Oettinger ha anche sottolineato l’importanza del coordinamento nello spettro per portare l’Europa nell’era del 5G, della Internet of Things e delle auto connesse. Un quadro regolatorio “armonizzato” ridurrà le barriere all’ingresso, favorirà la concorrenza e darà al settore elementi di prevedibilità come richiesto da chi vuole investire. La linea che la Commissione adotta sulla gestione dello spettro serve a “creare le giuste condizioni perché prosperino le reti e i servizi digitali” che sono il pilastro della strategia per il mercato unico.

La strategia presentata riflette nella sostanza le anticipazioni fatte recentemente dal vice direttore di DG Connect Roberto Viola e pubblicate da Policy Tracker. La Commissione ha infatti promesso di presentare proposte nel 2016 “per un’ambiziosa revisione del quadro regolatorio del settore telecom” che si focalizzerà su “un coerente approccio da mercato unico sulle politiche e la gestione dello spettro”. Sarà anche potenziato, probabilmente, il ruolo del Radio Spectrum Policy Group (Rspg) o del Body of European Regulators for Electronic Communications (Berec), ma non per togliere poteri agli Stati-membro; lo scopo è solo di migliorare il funzionamento dei gruppi intergovernativi.

Primo passo per la Commissione sarà la presentazione, a breve, di “proposte specifiche per il coordinamento della banda dei 700 MHz” che avranno a che fare, al momento, non con le condizioni di licensing ma solo con i tempi.
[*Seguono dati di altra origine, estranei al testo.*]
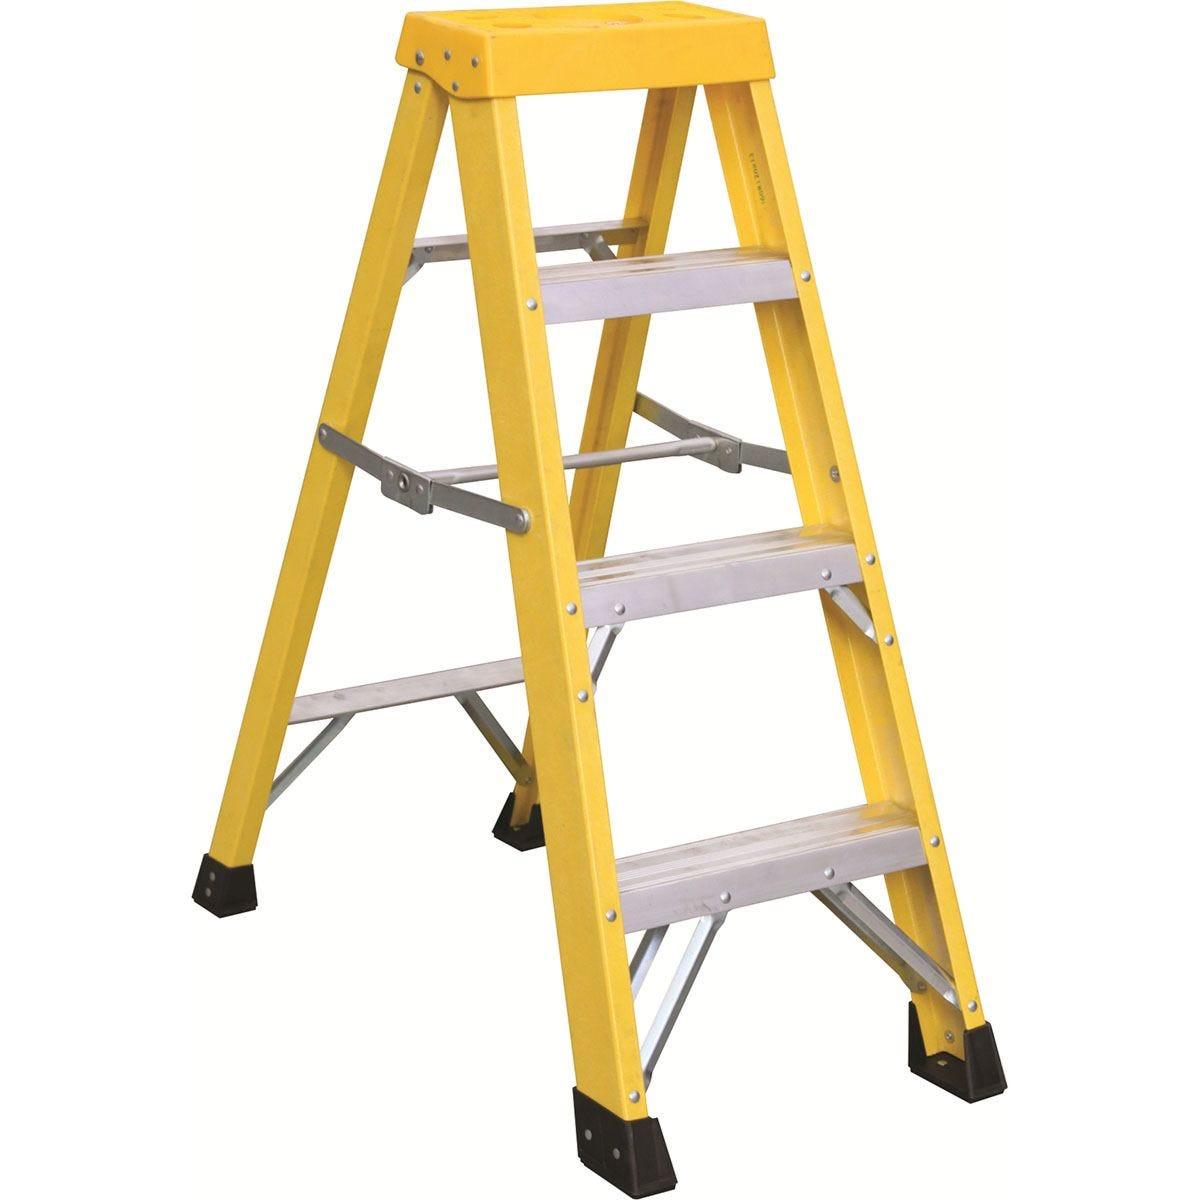 Draper Fibreglass 3 Step Ladder - Yellow

La Commissione da tempo sostiene l’urgenza del refarming della banda dei 700 MHz, ma la versione finale della strategia è stata riscritta in modo da indicare che tale refarming terrà conto delle “esigenze specifiche della distribuzione audiovisiva”. Tuttavia in una nota il “Wider Spectrum Group”, che rappresenta l’industria del broadcasting, ha dichiarato di aver bisogno di qualcosa di più. Già prima della presentazione della strategia, il gruppo si era lamentato in una lettera al presidente Jean-Claude Juncker che la Commissione non stava riconoscendo adeguatamente la “connessione tra l’assegnazione dello spettro e i posti di lavoro nell’industria locale creativa e della cultura, il pluralismo e la diversità dei media” e sottolineava che lo spettro è indispensabile per il “modello audiovisivo dell’Europa”. Il gruppo avrebbe preferito il mantenimento della proposta di Pascal Lamy che prevedeva sì il refarming dei 700 MHz ma conservava il resto della banda UHF per le trasmissioni terrestri fino almeno al 2030.
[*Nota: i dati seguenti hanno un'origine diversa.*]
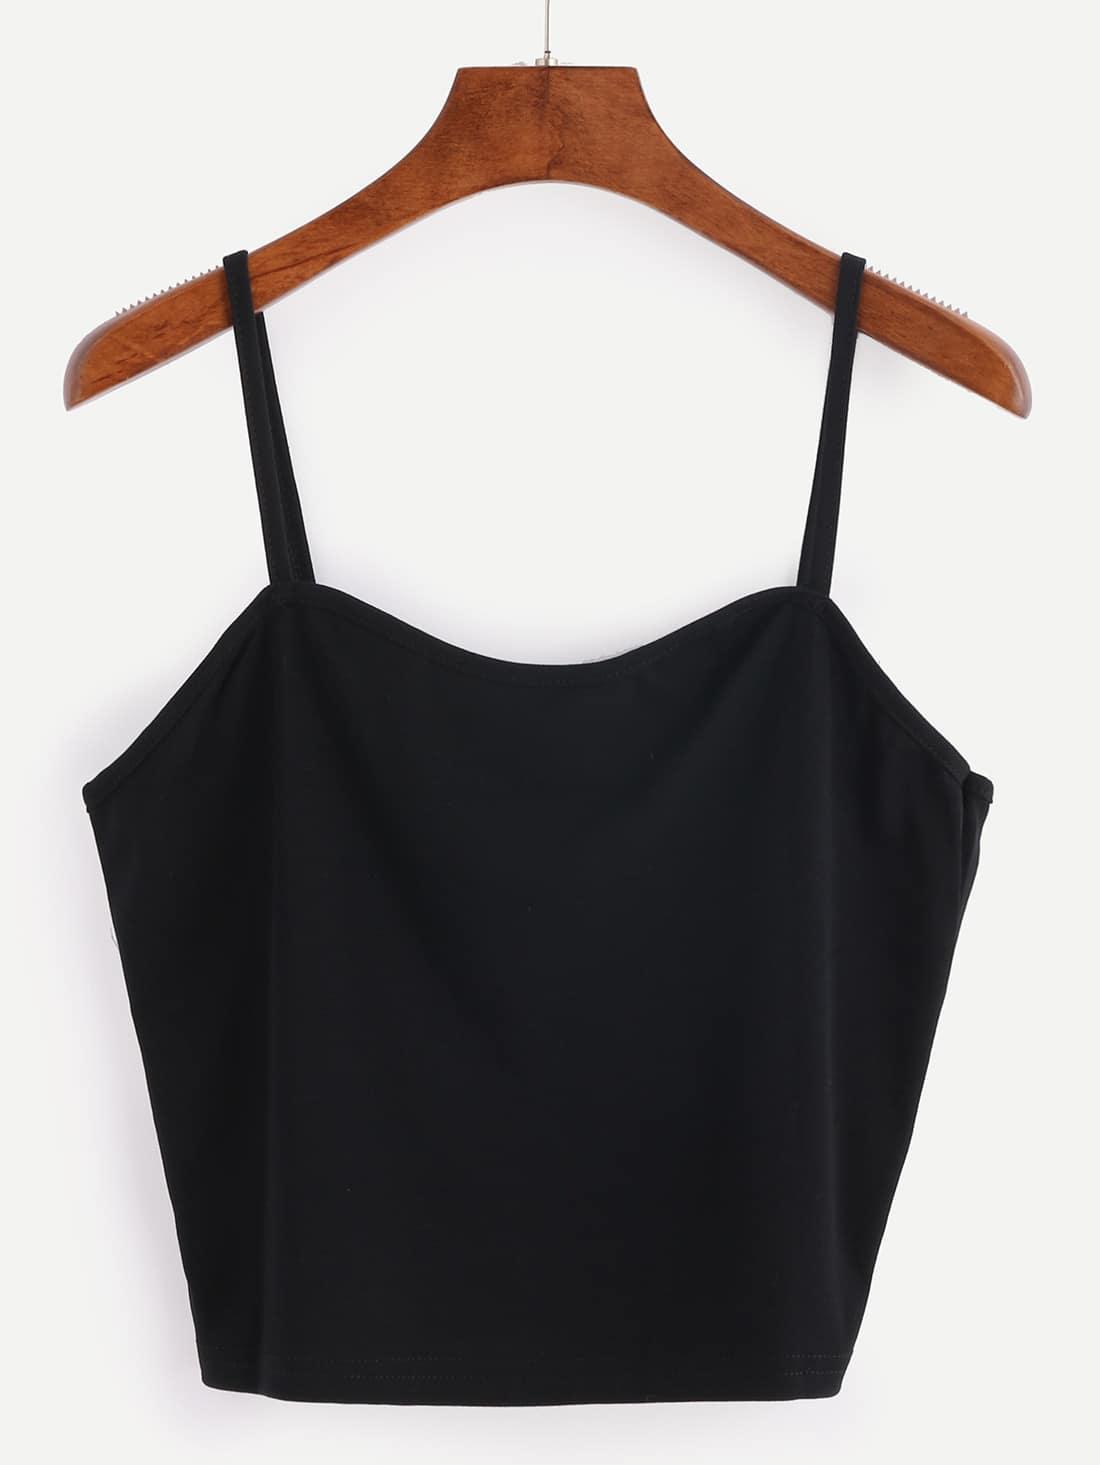 Binding Crop Cami Top - Black

Per il resto, la strategia della Commissione sullo spettro ha incontrato commenti favorevoli: la European Competitive Telecommunications Association (Ecta) si è detta soddisfatta dall’accento posto sulla concorrenza nel settore telecom e la European Telecommunication Network Operators’ association (Etno) ha invitato la Commissione ad agire presto per rimuovere le barriere agli investimenti e provvedere al “rilascio coordinato” della banda dei 700 MHz per i servizi di banda larga mobile. Anche la Gsm Association ha commentato dicendo che l’Europa ha bisogno di rendere disponibile, presto e in modo coordinato, più spettro per il mobile broadband.